The economic revitalization of areas such as New Bedford, Salem, and Tradepoint Atlantic highlights how offshore wind supply chain development is driving investment into underutilized infrastructure and creating a platform for new middle-class clean energy jobs.
Ensuring that there is a consistent, long-term stream offshore wind projects utilizing these repurposed sites is equality important. For example, New London and ProvPort are expected to remain continuously busy for at least four years, supporting the construction of South Fork Wind, Revolution Wind, and soon, Sunrise Wind. However after that, the ports may face utilization gaps and potential job reductions due to inconsistent offshore wind project deployment. While, both New London and ProvPort have been listed as preferred locations in new offshore wind project proposals, construction and manufacturing activities for those project will not begin again until later in the decade.
Without consistent offshore wind project demand, existing offshore wind port facility may need to transition again to support other industries, newly trained workers may move to other jobs, and it will become even harder to finance and build the additional port capacity we need to support our national and state-level offshore wind deployment goals.

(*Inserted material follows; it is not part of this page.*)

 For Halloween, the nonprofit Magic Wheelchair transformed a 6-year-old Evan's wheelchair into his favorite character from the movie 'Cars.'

Port financing is already a major bottleneck in the U.S. offshore wind industry. Last year, the Oceantic Network published, Building a National Network of Offshore Wind Ports, authored by Clean Energy Terminals’ Brian Sabina and the Network’s Ports Working Group. The report highlighted the need for at least 65 new U.S. offshore wind port facilities, requiring at least $36 billion in new investment over the next decade. While these figures may sound substantial, $36 billion is approximately 4-6% of the expected private sector investment in U.S. offshore wind generation projects over the next 35 years. And, without this enabling investment, offshore generation projects can’t be built.

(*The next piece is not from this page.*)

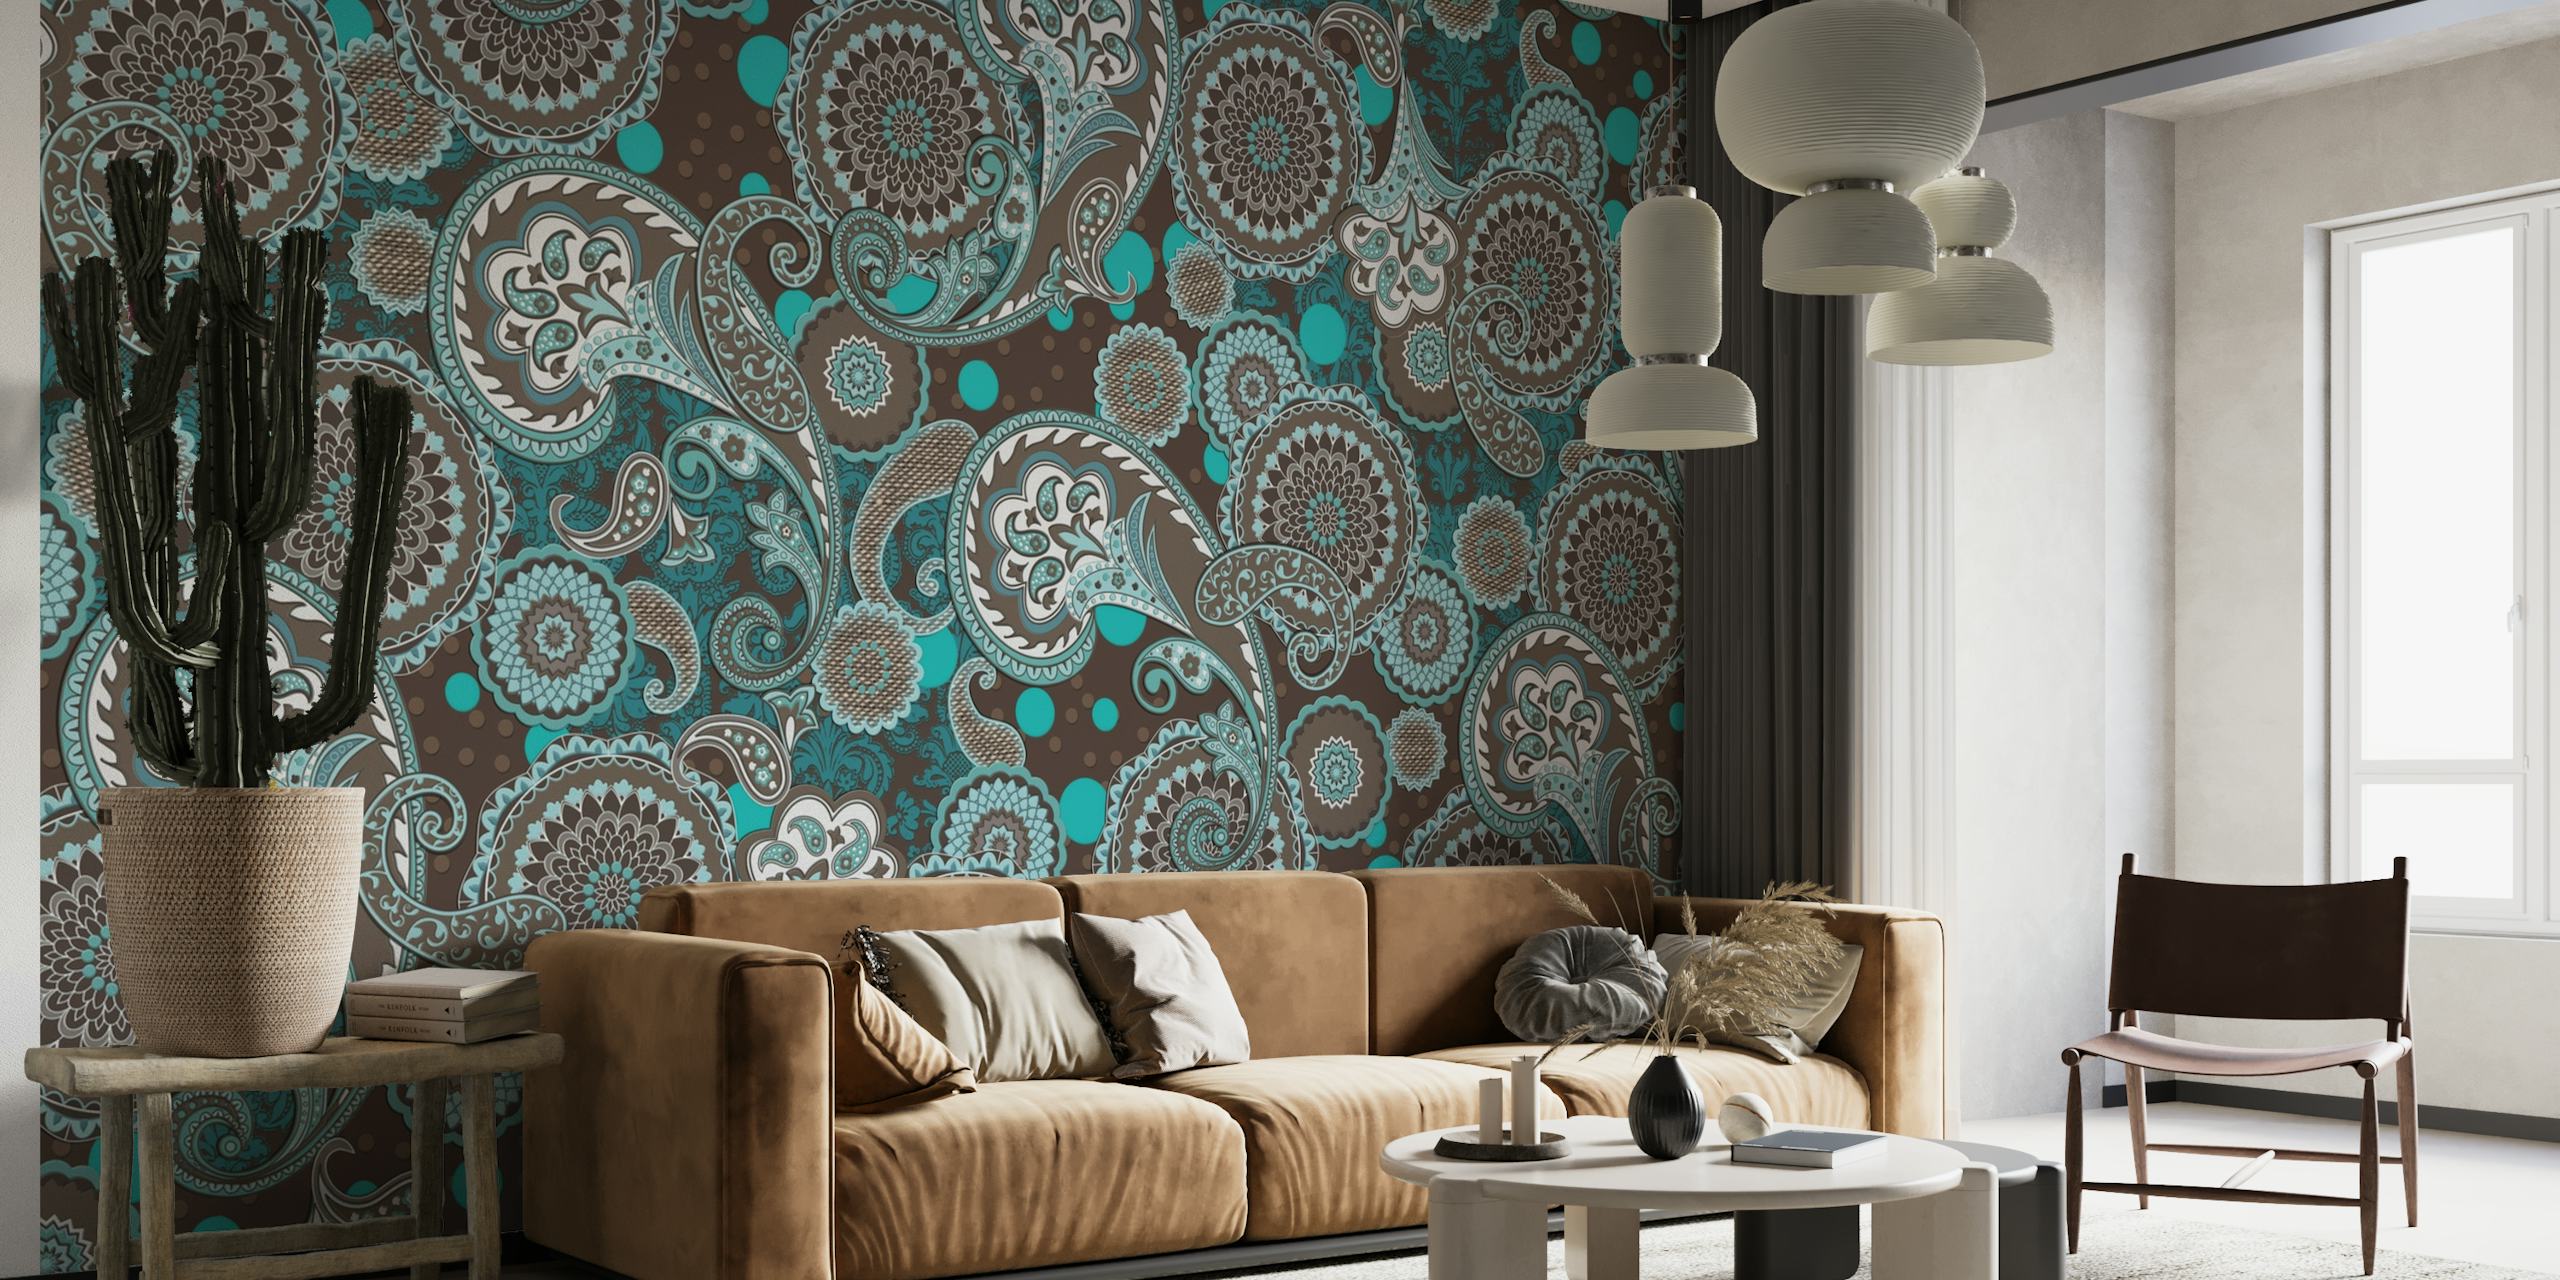 Paisley Mandala blue brown wall mural with intricate patterns

The U.S. offshore wind industry urgently needs more investment into port facilities. Increasing public sector grant funding, at both the state and federal levels, that is specifically targeted to these projects is critical not only to meet deployment timelines and but also attract greater amounts of private sector funding, too. New London, for example, attracted $100 million direct private investment from Ørsted and Eversource after the state’s early commitment of public funds for the project. The Network’s paper highlights other financing support structures states could use to spark private investment, like revenue guarantee, which would help cover debt-service payments if a privately financed port was inactive due factors outside of its control (such as the uneven deployment facing the East Coast ports mentioned above). Such smart financial tools help spread risk between the public and private parties and attract significant attention from traditional infrastructure investors.
The promise of economic development from offshore wind will be realized in our ports. However, it will only be realized with expanded strategic infrastructure investments, the use of new smart financing approaches, continuous project pipelines, and a continued faith in the path forward. Redevelopment in New Bedford has transformed the harbor town into an offshore wind hub. The $300 million invested in New London has sparked a local economic renaissance and is supporting a multi-state supply chain all the way to Texas. The four billion dollars already injected into U.S. offshore wind ports may only be a crumb of what is ultimately needed, but it is already having a tangible impact on American communities along, and far from, the coast.